What do you want to know
Listen to this article here
The Biden-Harris administration issued an email to borrowers on Thursday, letting them know what to expect as applications for student debt relief open in October.
In what the administration called the first of “regular updates” to borrowers, the email detailed the application process and reminded recipients of their eligibility.
The application will be a short online form and applicants will not need to upload any documents or use their Federal Student Aid ID (FSAID) to apply.
Although the email did not specify when exactly in October the application for student debt relief will open, it noted that the application window will remain open for more than a year: from October 2022 to end of December 2023.
In total, borrowers are eligible for $10,000 in federal student loan forgiveness, plus an additional $10,000 for borrowers who received Pell grants to attend college.
“Borrowers are eligible for this relief if their individual income is less than $125,000 or $250,000 for households,” the Biden-Harris administration said.
Applications for Student Debt Relief Open in October
The email added that once a borrower submits their application, the FSA will review it and determine the applicant’s eligibility. The agency will work with the borrower’s loan manager to process the relief and will contact the borrower directly if more information is needed.
Notably, around 8 million borrowers will not have to do anything to receive their aid, as the US Department of Education already has their relevant income data.
To be notified when applications open in October, request email updates at United States Department of Education website.
“Our goal is to provide borrowers with a seamless and simple experience, working closely with the services that will actually process the relief,” the administration said.
Thursday’s email update comes months after Biden made the historic announcement to cancel student debt in August. And it comes just over a month before the midterm elections, when the popularity of the student debt relief plan will be tested.
The student debt relief plan not celebrated by all
Some on the left have criticized the plan for not going far enough to eliminate the heavy debt of a generation of Americans.
With the cost of a college education rising astronomically over the past two decades, 40 million Americans combined owe approximately $1.7 trillion in student debt.
For months, progressives have urged Biden to forgive $50,000 or all of student loan debt to stimulate economic activity and support working families. And a Brookings study notes how student loan debt contributes to the racial wealth gap between black and white Americans.
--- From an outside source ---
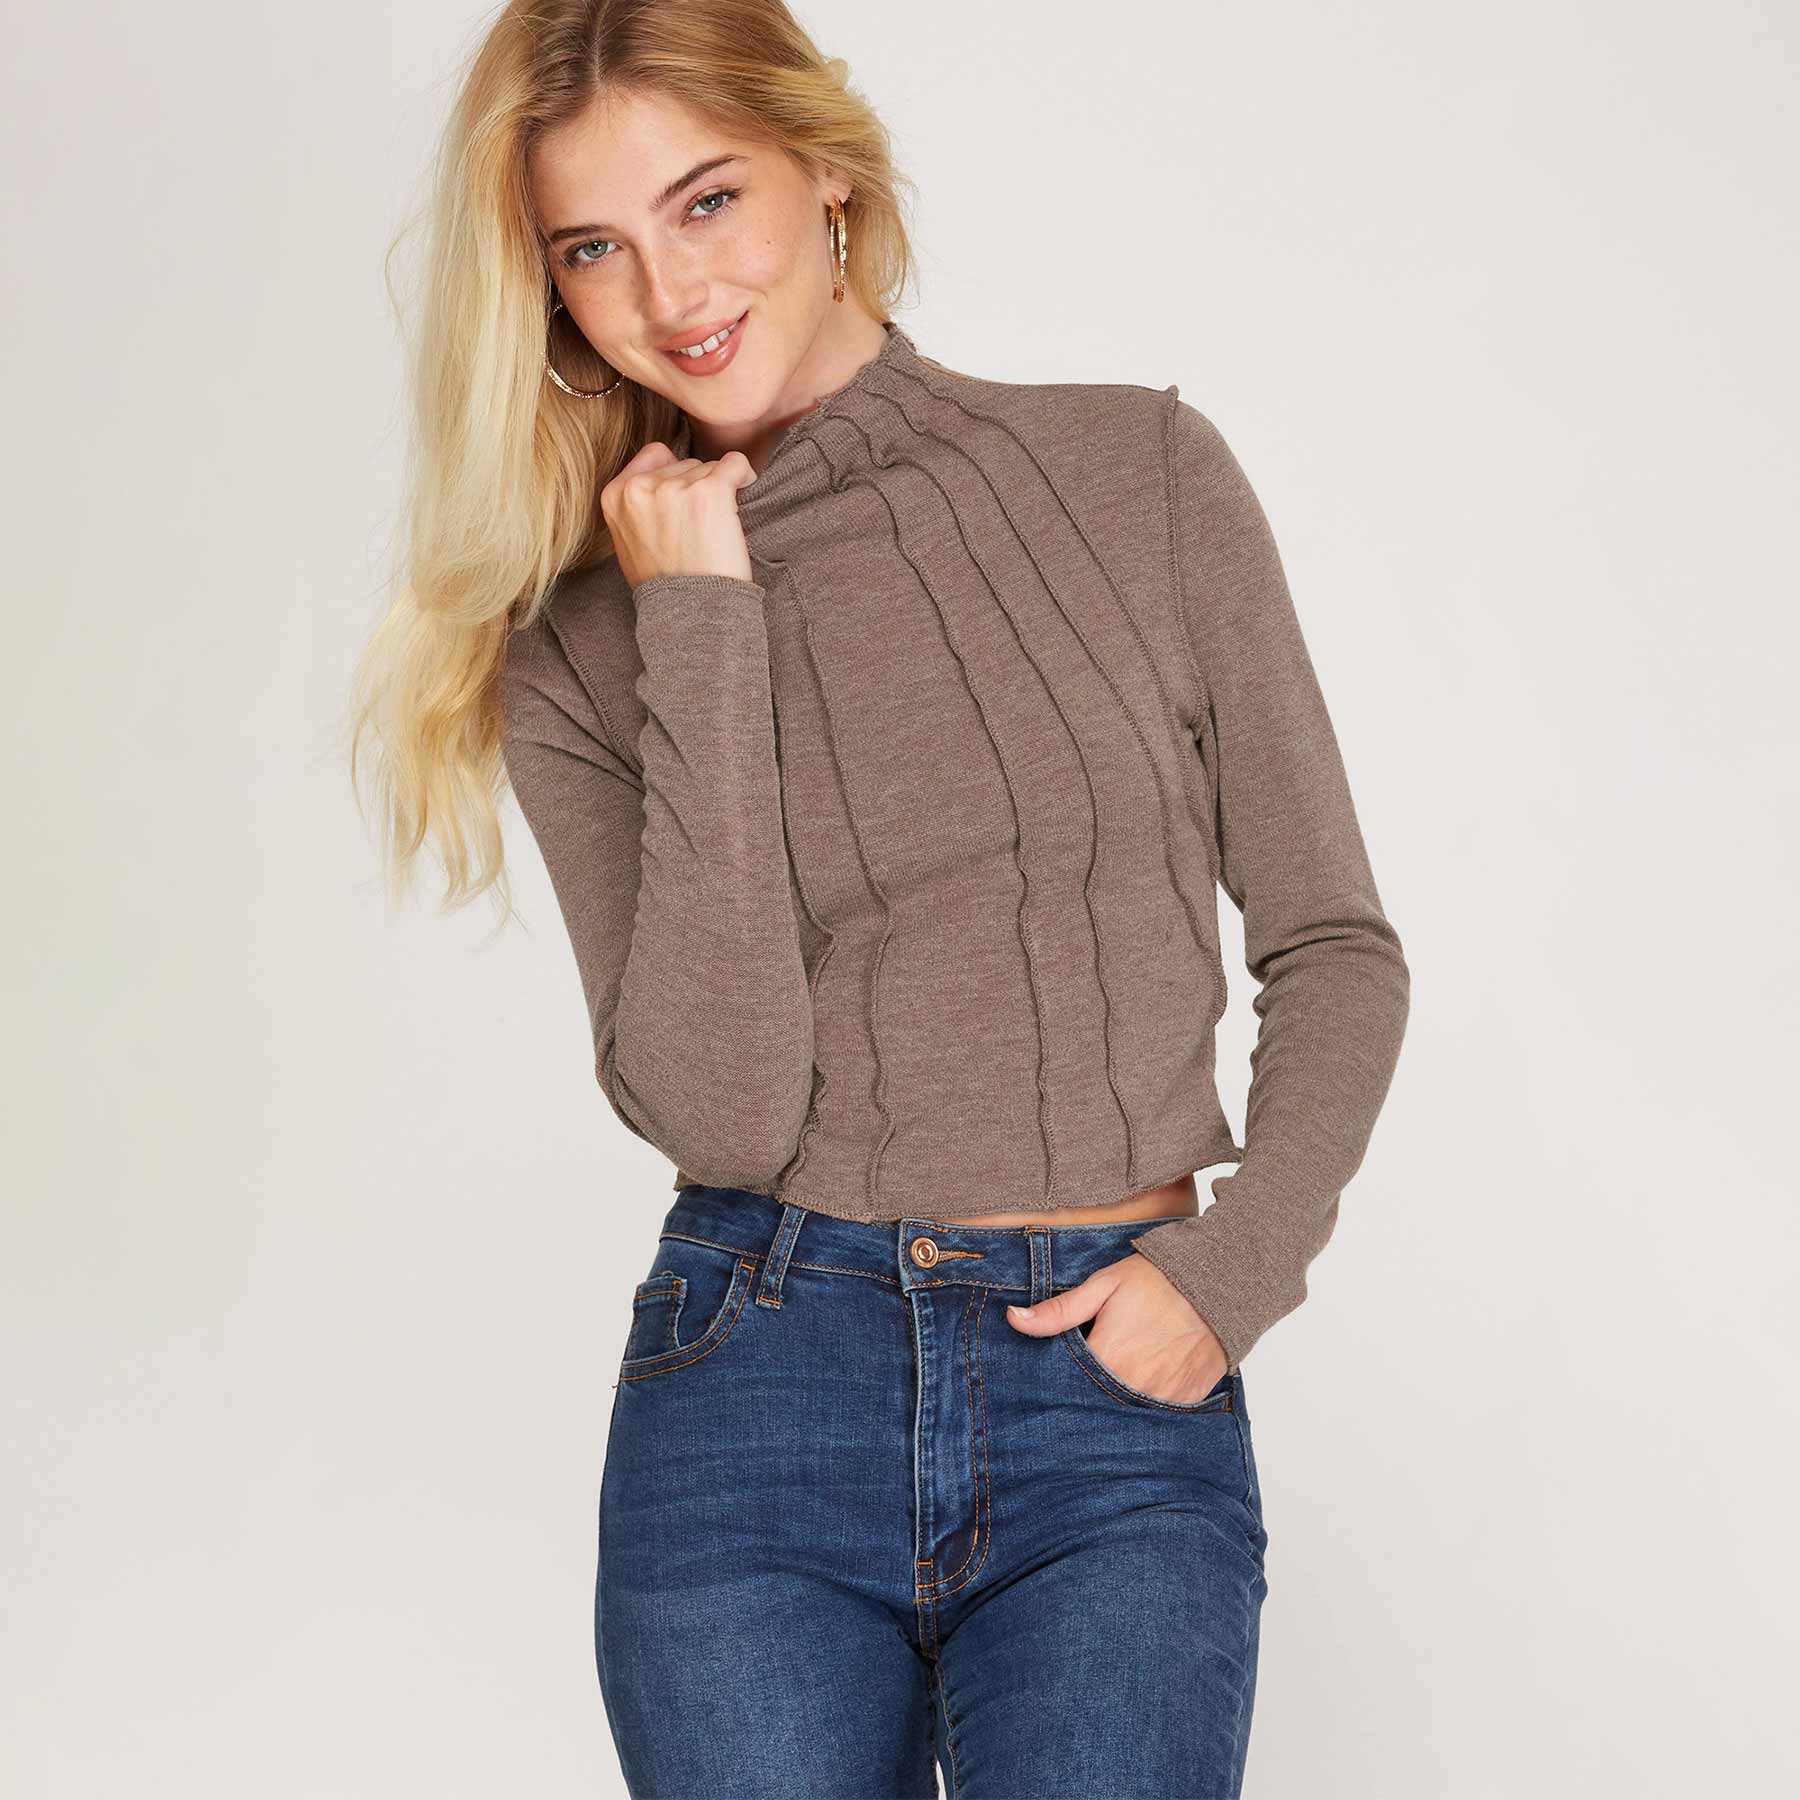 Long Sleeve Knit Top with Overlock Seam Trim Detail

“It’s time we made higher education accessible and affordable for everyone, because we all deserve to pursue the American dream, regardless of race, ethnicity, income or family,” said Shadelle Gregory, partner at the Fitzhugh Mullin Institute. wrote for the Hill in August.
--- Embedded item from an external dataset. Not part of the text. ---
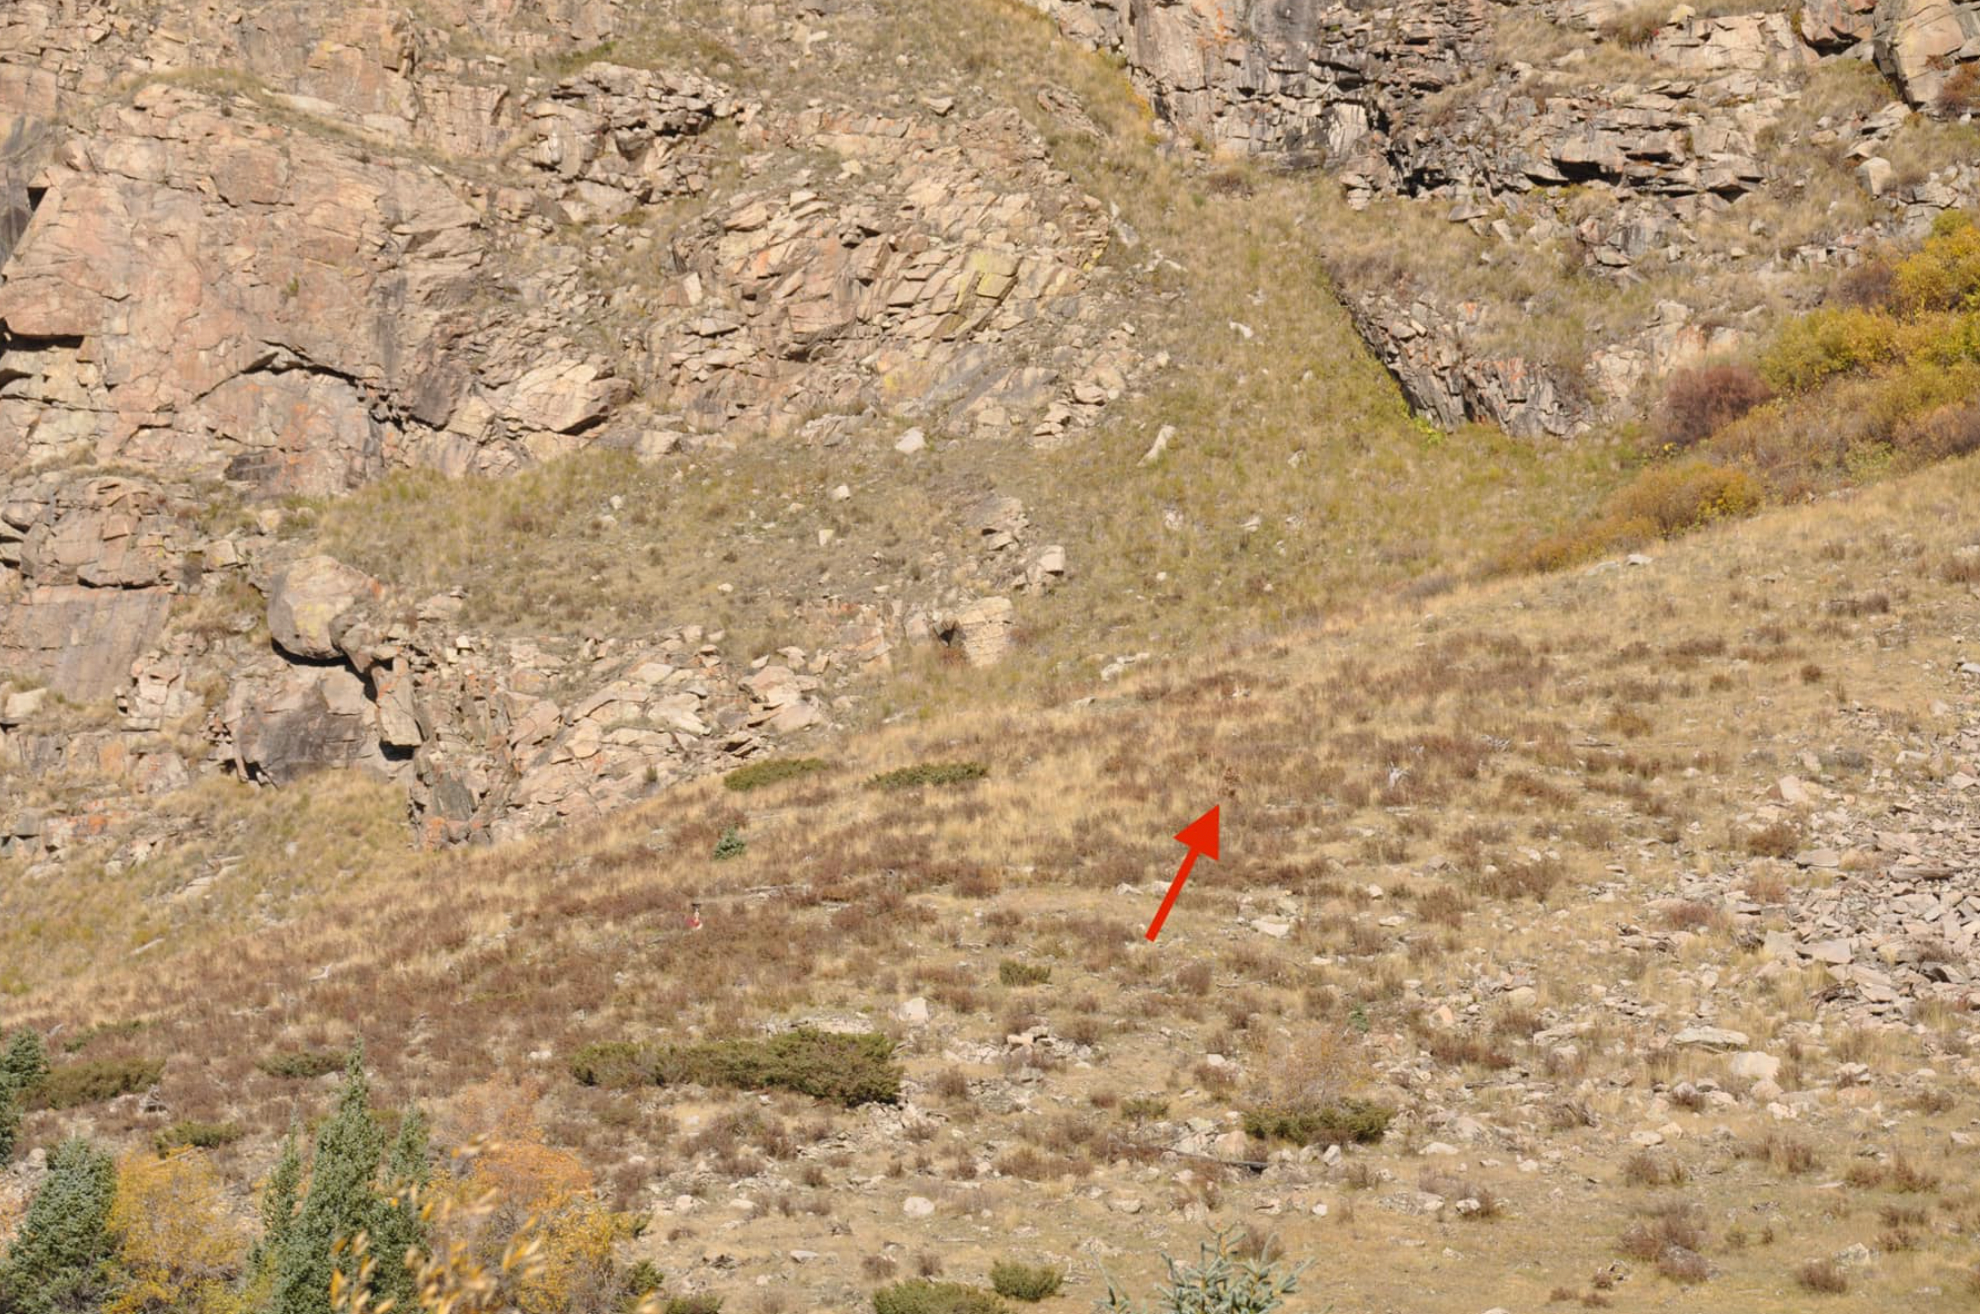 ‘Bigfoot’ spotted walking on mountainside in rural Colorado

Meanwhile, Republicans have argued that it’s an unfair decision that will contribute to higher inflation.
In mid-September, nearly half of the country’s governors, all Republicans, signed a letter to President Joe Biden asking him to withdraw his plans to cancel student loan debt, according to NPR.
“College may not be the right decision for all Americans, but for students who took out loans, it was their decision: capable adults and willing borrowers who knowingly agreed to the terms of the loan and agreed to go into debt in exchange for taking classes,” the letter reads. “An expensive degree isn’t the key to unlocking the American Dream – hard work and personal responsibility are.”
Lawsuit filed against the emergency services
In the first major challenge to the plan, a public interest attorney filed a lawsuit against the relief. Plaintiff Frank Garrison complained that by receiving student debt relief, he will be forced to pay taxes on the amount that will be forgiven, CNN reported.
Still, some legal experts have dismissed the lawsuit, saying that since the plan allows borrowers to opt out of relief, the lawsuit is flawed and irrelevant.
It remains to be seen whether other last-minute attempts to block relief will pass.
In addition to extending the last payment break until October 31 and providing up to $20,000 in relief, there are other notable changes to the plan.
For new borrowers and those with balances in excess of the relief, borrowers will only be required to make monthly payments at or below 5% of their Discretionary Income, as opposed to the previous rule of 10%. It also increases the amount of income that can qualify as non-discretionary to ensure that no borrower earning 225% of the federal poverty level, or about $15 an hour, has to make monthly payments on their loans.
Additionally, the US Department of Education will now cancel loans for borrowers who make regular payments after 10 years instead of the previous 20-year rule. And, perhaps most importantly, the Biden-Harris administration is taking steps to cover the borrower’s unpaid monthly interest, ensuring that no one’s loan amount will increase as long as they make their payments.
“We have confirmed that graduate student borrowers will be included in this cancellation,” said Jessica Thompson, vice president of the Institute for College Access and Success. “Again: same income thresholds, same amounts.